Aditya Mittal, chief financial officer and member of the group management board of ArcelorMittal, said, “ArcelorMittal has been a long-term investor in Macarthur and we look forward to discussing our proposal with the board of Macarthur.”

Peabody chairman and CEO Greg Boyce said, “We believe there is a significant value that can be created by managing Macarthur’s portfolio of coal assets using Peabody’s industry-leading operating, development and commercial skills. We look forward to advancing this proposal to complete a transaction for the benefit of Macarthur shareholders.”

Macarthur, named after US General Douglas MacArthur, did not recommend the proposal to its shareholders and said it would seek talks with Peabody and Mittal on price and terms.

The success of the bid will also depend on what China’s Citic, the largest shareholder in Macurther with a 24 per cent stake, will do.

Industry observers see the deal as a substantial bet on the strong and steady demand in Asia, not only from China and India but also other countries where steel growth is forecast to be strong.

Macarthur was the subject of a three-way bidding war in 2010 when it agreed to enter talks with Peabody, the highest bidder with an Aus $16 offer. However, the talks collapsed after Peabody cut its offer when the Labor government slapped coal and iron ore miners with a tax.

The timing of the offer caught some investors by surprise.
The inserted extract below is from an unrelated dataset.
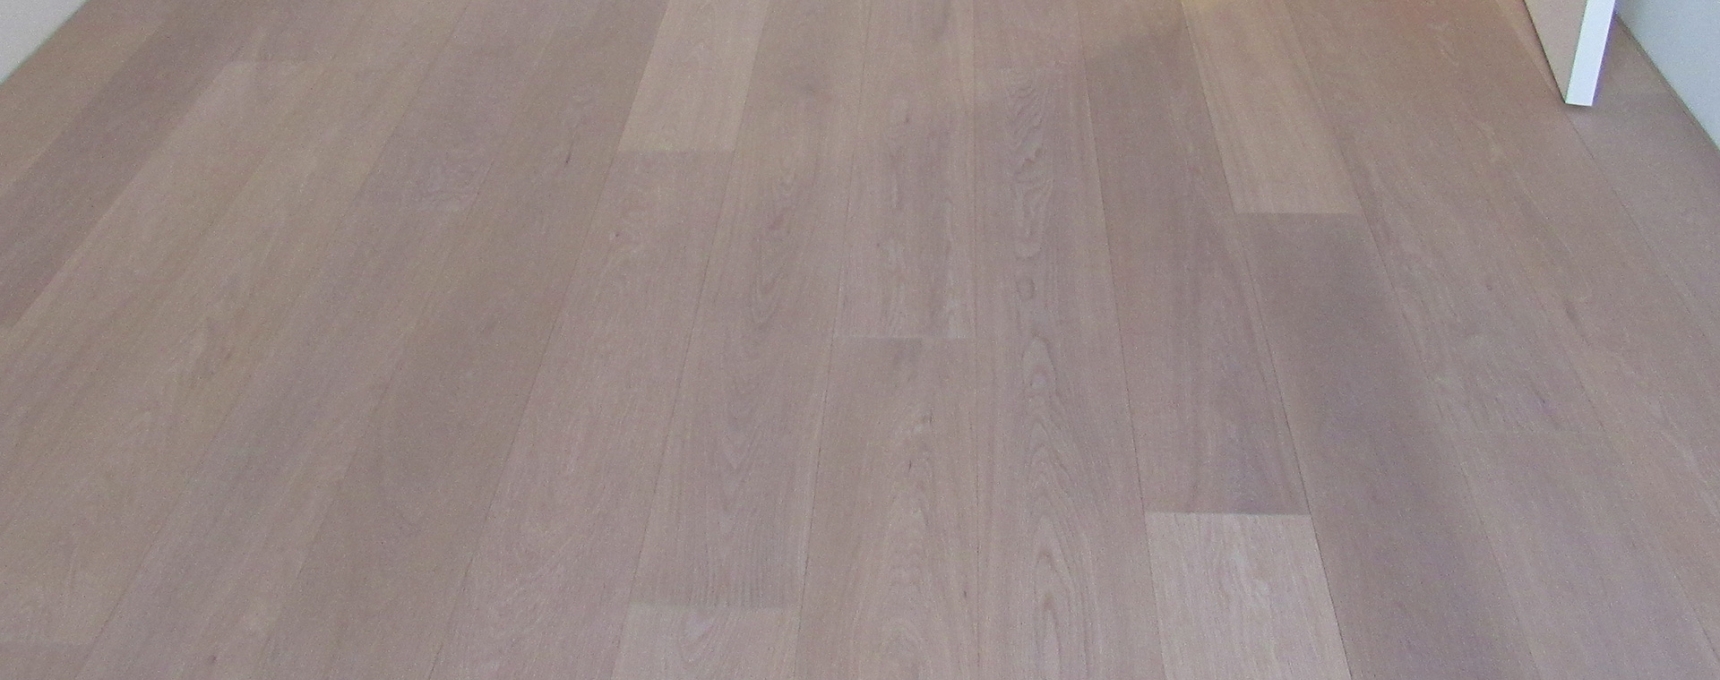 5 verschillende uitstralingen van een houten vloer

The deal was unveiled just a day after the Australian government’s new carbon levy, and as the company recovers from the recent flooding of its mines.

Analysts, though, said the tax had long been expected in the market and was unlikely to weigh on the deal at current lofty coal prices — unless the government began to raise the levy.

The deal values Macarthur’s 1.64-billion-tonne reserves at nearly Aus $3 per tonne. Rio Tinto’s purchase of Riversdale valued its coking coal-dominated reserves at Aus $0.49 per tonne, while Macarthur paid Aus $1.68 a tonne when it bought some coal mining assets a year ago, according to a report of Morgan Stanley.

Peabody has engaged UBS and Bank of America Merrill Lynch as its financial advisers and Freehills as its legal adviser. ArcelorMittal has engaged RBC Capital Markets as its financial adviser and Mallesons Stephen Jaques as its legal adviser for the potential transaction.